We started at a horse show, which we hoped might involve trick riding or barrel racing. But it was more like the Westminster Dog Show for horses. Riders simply walked their steeds around in a circle while a panel of experts them on… something. Their gait? Musculature? I have no idea and apparently wouldn’t make a good horse judge, seeing as how my favorites finished dependably in last place.

The entertainment factor picked up considerably at the next event: the Mountain Boarding Big Air Show. Three extreme dudes put on a death-defying performance, hurtling down a steep ramp and leaping over a truck. We had missed the fair’s concerts earlier in the week, including Styx and Weird Al Yankovich, but this was a decent consolation prize. And I needed it! Because after realizing that we’d lost the opportunity to see Weird Al live, I was practically inconsolable.

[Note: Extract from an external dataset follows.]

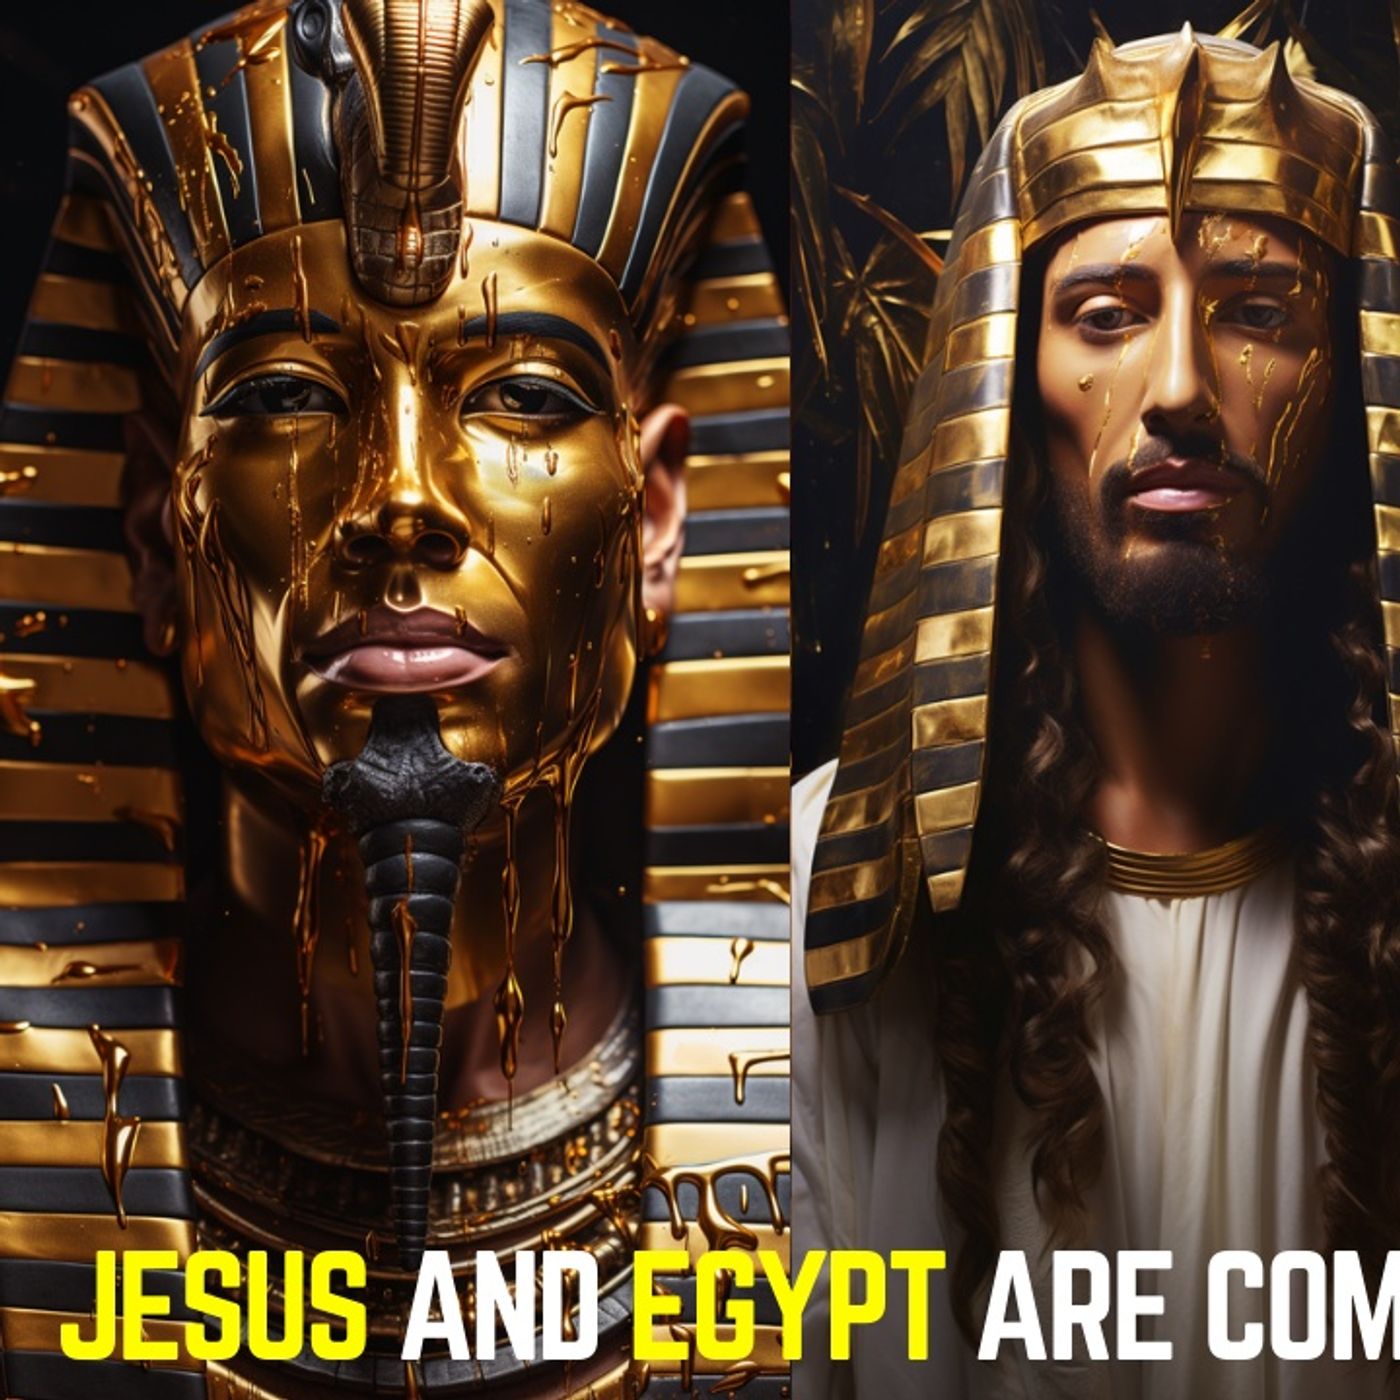 Christianity And Egyptian Religions Are Compatible! Now What? - Nelson Castille

We headed deeper into the fair, past stands selling Idaho Tater-Dogs (hot dogs shoved into potatoes) and wound up at a petting zoo. A wide variety of creatures were on-hand, from baby pigs to the giant Brazilian Zebu. I’m not much of an animal-toucher, but enjoy petting zoos because there’s nothing better than watching a toddler with a cup full of food pellets get too close to the goat cage. Curiosity, bravery, glee, terror, anger and disappointment, all in the span of about five seconds.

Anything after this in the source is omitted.